Once the beans have been pulped, they are put into fermentation tanks for around 12-24 hours dependent on temperature, though farmers are now experimenting with fermentation time to develop different flavour profiles. For example, a longer fermentation means the beans have more time to absorb some of the sugars and can result in a slightly sweeter, ‘funkier’ flavour, though this can be a hard balance to strike as leave it too long and the beans become over-fermented with unpleasant vinegar-like characteristics.

Fermentation results in the mucilage being broken down leaving the beans in their parchment which are then ready to be washed. This can either happen in tanks of clean water or, in East Africa, it is often done in channels. Once the beans have been washed they will feel gritty in your hands which means they are now ready to be dried.

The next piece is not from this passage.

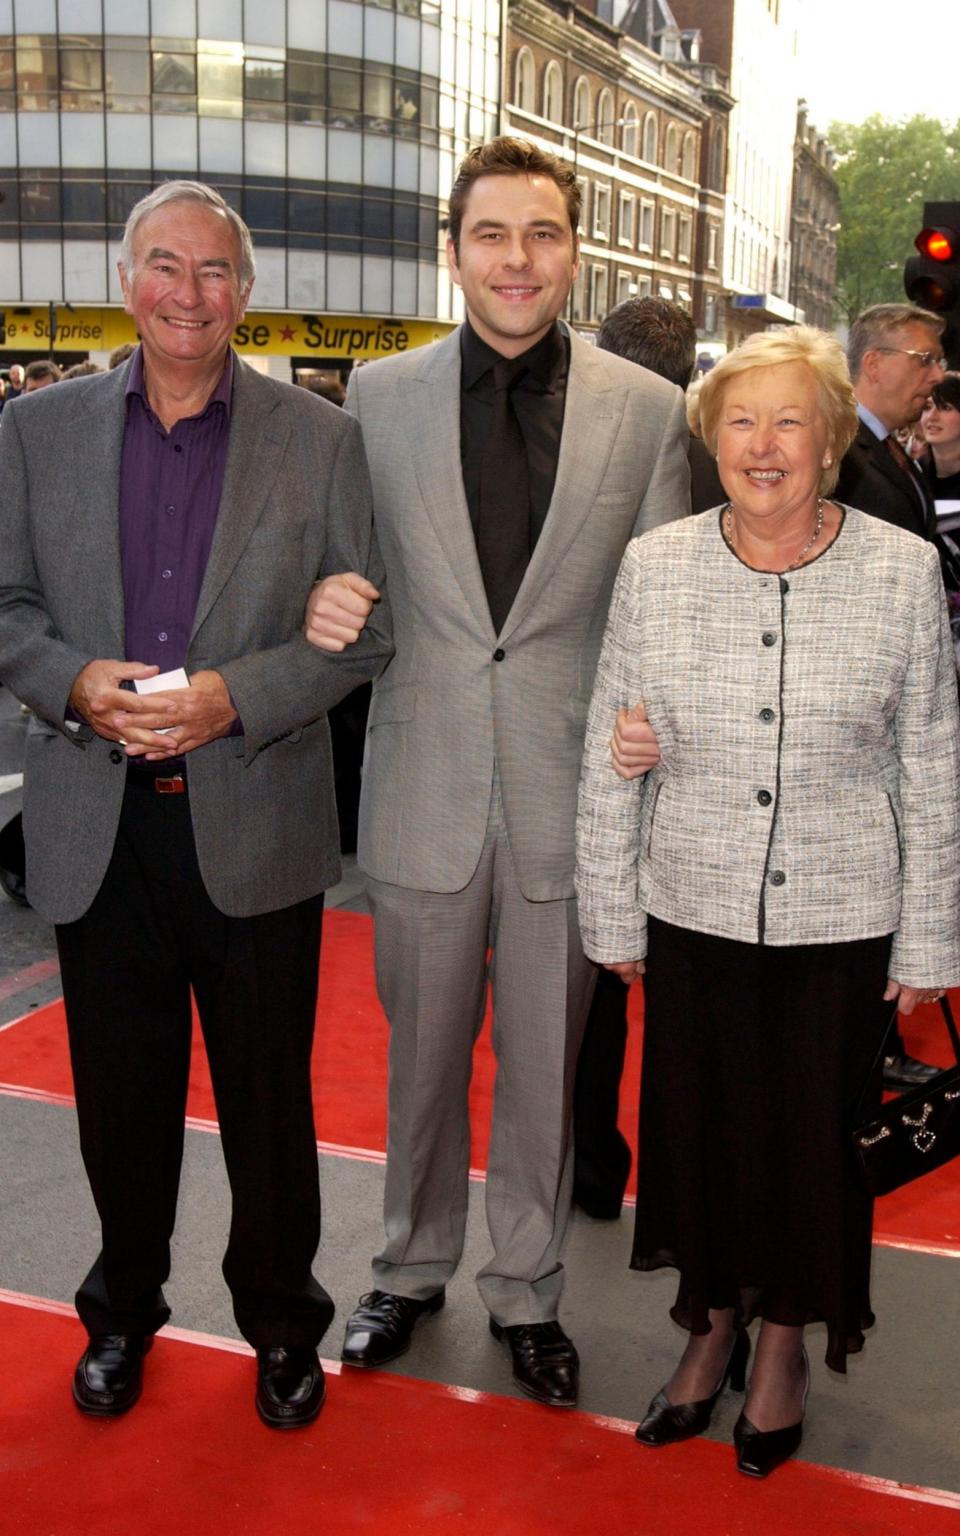 David Walliams and his parents on the red carpet, they are all smiling - James Veysey/Camera Press

At this stage, the parchment beans are taken to drying tables (raised African beds) or to patios to sit for a period of around 10-22 days where they are gently turned. It is widely accepted that a slower drying time contributes to greater balance and complexity in the cup. Some washed coffees, particularly in Central America, are dried in large ‘guardiolas’ which are mechanical dryers often used if a farm or dry mill has a lack of space. In this instance, the coffee is dried in around 3 days and we have found from experience that this can sometimes reduce the shelf life of the green coffee, allowing aged characteristics to creep in at an earlier stage.

The washed process is arguably our favourite at North Star due to the incredibly bright and clean coffees that it can produce – washed Ethiopian and Kenyan coffees are fantastic examples of the clarity of flavour that can be coaxed out if the coffee is processed correctly.